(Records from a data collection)
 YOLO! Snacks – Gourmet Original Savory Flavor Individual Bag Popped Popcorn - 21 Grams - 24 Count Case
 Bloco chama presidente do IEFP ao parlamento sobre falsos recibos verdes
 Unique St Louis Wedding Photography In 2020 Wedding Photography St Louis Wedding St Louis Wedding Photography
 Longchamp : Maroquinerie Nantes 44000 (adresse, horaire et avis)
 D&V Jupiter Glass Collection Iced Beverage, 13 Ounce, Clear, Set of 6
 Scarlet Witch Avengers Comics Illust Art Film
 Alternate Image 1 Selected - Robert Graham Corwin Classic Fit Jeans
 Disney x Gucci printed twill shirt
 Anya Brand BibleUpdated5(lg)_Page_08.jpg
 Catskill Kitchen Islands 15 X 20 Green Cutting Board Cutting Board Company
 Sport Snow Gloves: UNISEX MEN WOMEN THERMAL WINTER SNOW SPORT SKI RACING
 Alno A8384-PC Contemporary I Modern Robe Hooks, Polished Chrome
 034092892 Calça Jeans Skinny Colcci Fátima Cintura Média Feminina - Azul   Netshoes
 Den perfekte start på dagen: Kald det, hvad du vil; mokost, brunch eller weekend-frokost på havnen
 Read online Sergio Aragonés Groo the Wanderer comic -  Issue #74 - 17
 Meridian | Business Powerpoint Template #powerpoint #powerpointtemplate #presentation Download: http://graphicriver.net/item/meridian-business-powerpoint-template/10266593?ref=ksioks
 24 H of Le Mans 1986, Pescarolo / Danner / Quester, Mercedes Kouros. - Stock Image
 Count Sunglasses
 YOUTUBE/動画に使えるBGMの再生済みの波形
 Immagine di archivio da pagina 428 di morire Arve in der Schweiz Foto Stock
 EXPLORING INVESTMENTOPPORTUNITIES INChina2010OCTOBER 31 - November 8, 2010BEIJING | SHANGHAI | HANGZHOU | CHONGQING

What you are asked to do: Exactly the lines above from the one with "Disney x Gucci printed twill shirt" to the one with "034092892 Calça Jeans", both included, are to be quoted; leave the rest out.

Reply to the exercise:
 Disney x Gucci printed twill shirt
 Anya Brand BibleUpdated5(lg)_Page_08.jpg
 Catskill Kitchen Islands 15 X 20 Green Cutting Board Cutting Board Company
 Sport Snow Gloves: UNISEX MEN WOMEN THERMAL WINTER SNOW SPORT SKI RACING
 Alno A8384-PC Contemporary I Modern Robe Hooks, Polished Chrome
 034092892 Calça Jeans Skinny Colcci Fátima Cintura Média Feminina - Azul   Netshoes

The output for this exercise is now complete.